Trop de temps a passé pour que je pense encore que la théorie du rêve est la bonne. Cependant, je ne vais pas encore abandonner cette idée, tant la situation semble étrange.

Je profite aussi de cette solitude pour faire le point. Quelque chose me dit que ça ne durera pas. A l'heure actuelle je me suis réveillée morte dans une morgue... En fait, je ne vais pas faire le point, faire le point c'est nul ! Je me demande quel jour on est, mon dernier souvenir date de mercredi. J'espère que je n'ai pas raté trop de cours... Je regarde à travers la fenêtre de ma chambre, le soleil se couche peu à peu en donnant une teinte orangée au ciel. Ce spectacle est magnifique, pourtant j'observe le ciel sans le voir.

J'ai intégré l'Université il y a peu, après avoir fait absolument tous les types de boulots possibles pour mettre de la distance entre mes parents et moi.

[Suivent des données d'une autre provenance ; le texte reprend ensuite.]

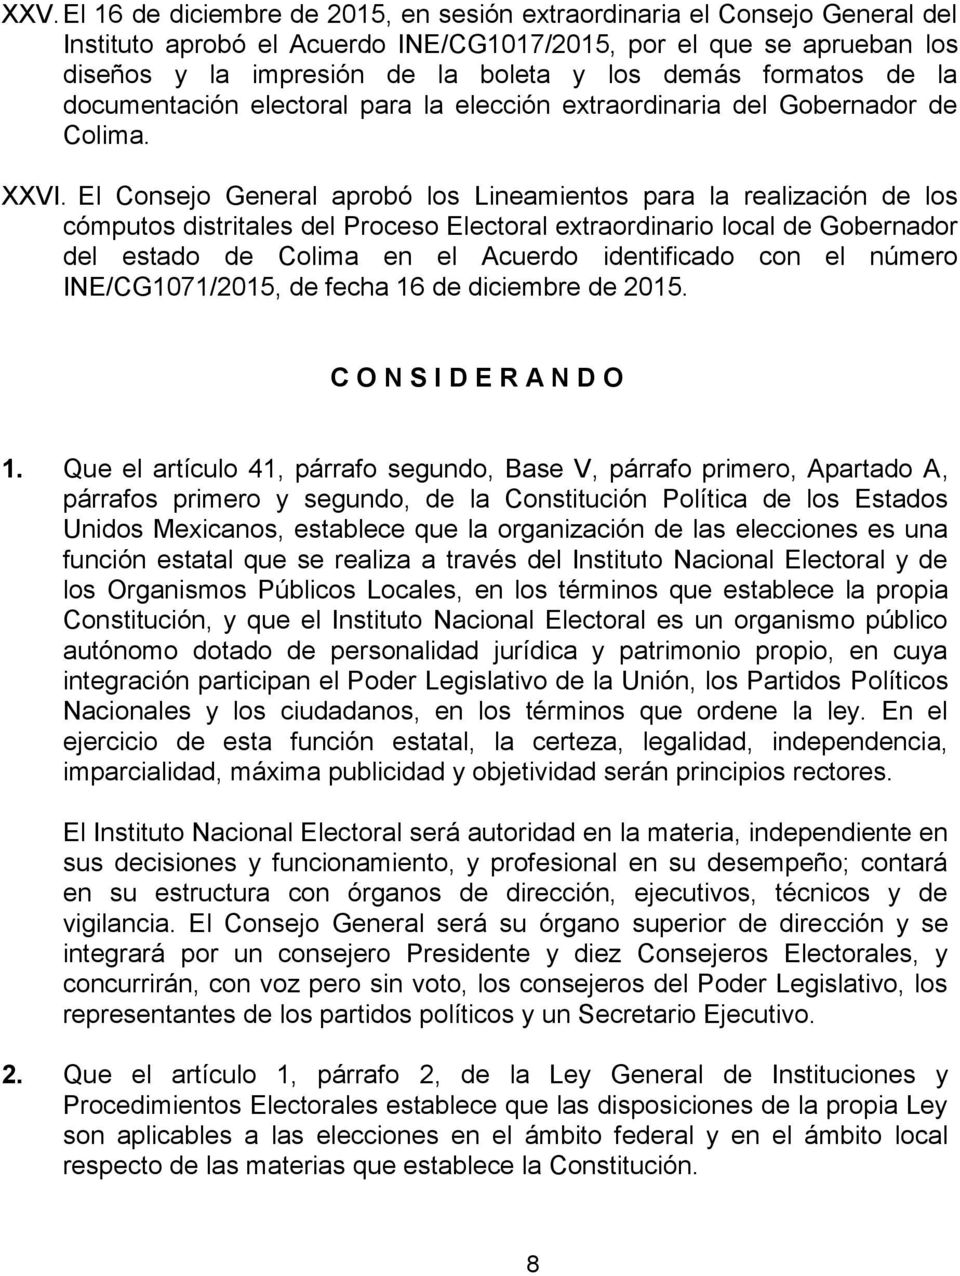 El Consejo General aprobó los Lineamientos para la realización de los cómputos distritales del Proceso Electoral extraordinario local de Gobernador del estado de Colima en el Acuerdo identificado con

Et contre toute attente, j'ai fini par aspirer à l'avenir à la fac que ma mère voulait tant. J'ai commencé il y a un mois, avec une dominante pour la biologie et plus spécialement la génétique. Mais recommencer les études après avoir erré de boulot en boulot est compliqué, c'est pourquoi je dois m'accrocher. Je n'ai que dix-neuf ans mais j'aimerais ne pas perdre une année de plus.

— Bonjour Mademoiselle Sanders, je suis le Docteur Johns.

Un homme en blouse blanche pénètre dans la chambre. Il est grand, blond et chaleureux.

— Eden, dis-je avec une voix étranglée, visiblement pas encore remise des émotions récentes ; appelez-moi Eden.

— Eden, vous devez avoir beaucoup de questions... tout d'abord je vous présente mes excuses concernant le traumatisme que vous avez subis...

— Docteur, s'il vous plaît, expliquez-moi, pas de détour ou de semi-vérité, je pense que j'ai suffisamment encaissé pour une bonne dizaine de vie.

Le médecin affiche un sourire gêné. Évidemment, je comprends qu'il soit mal à l'aise et je m'en veux de lui causer cette angoisse, mais aussi altruiste que je peux être, j'ai la sensation d'être prioritaire pour l'instant.

— Très bien. Vous avez été amenée à l'hôpital à la suite d'un terrible accident de voiture. Vous aviez des contusions, des hématomes, une commotion cérébrale et une plaie à la cuisse qui déchirait votre artère fémorale.... et avez perdu beaucoup de sang avant l'arrivée des secours. Lorsque vous êtes arrivée donc, votre pouls était fuyant et votre état très grave.

Il s'interrompit quelques instants avant d'ajouter :

— Votre cœur s'est arrêté et nous avons tenté de le faire repartir à plusieurs reprises, mais sans succès... Votre décès a été déclaré Eden, nous avons refermé vos plaies et vous avons descendu à... (nouvelle interruption) la morgue. Ce n'est que 3h plus tard que vous vous êtes réveillée, en fichant la trouille de sa vie à l'infirmière qui vous a trouvée.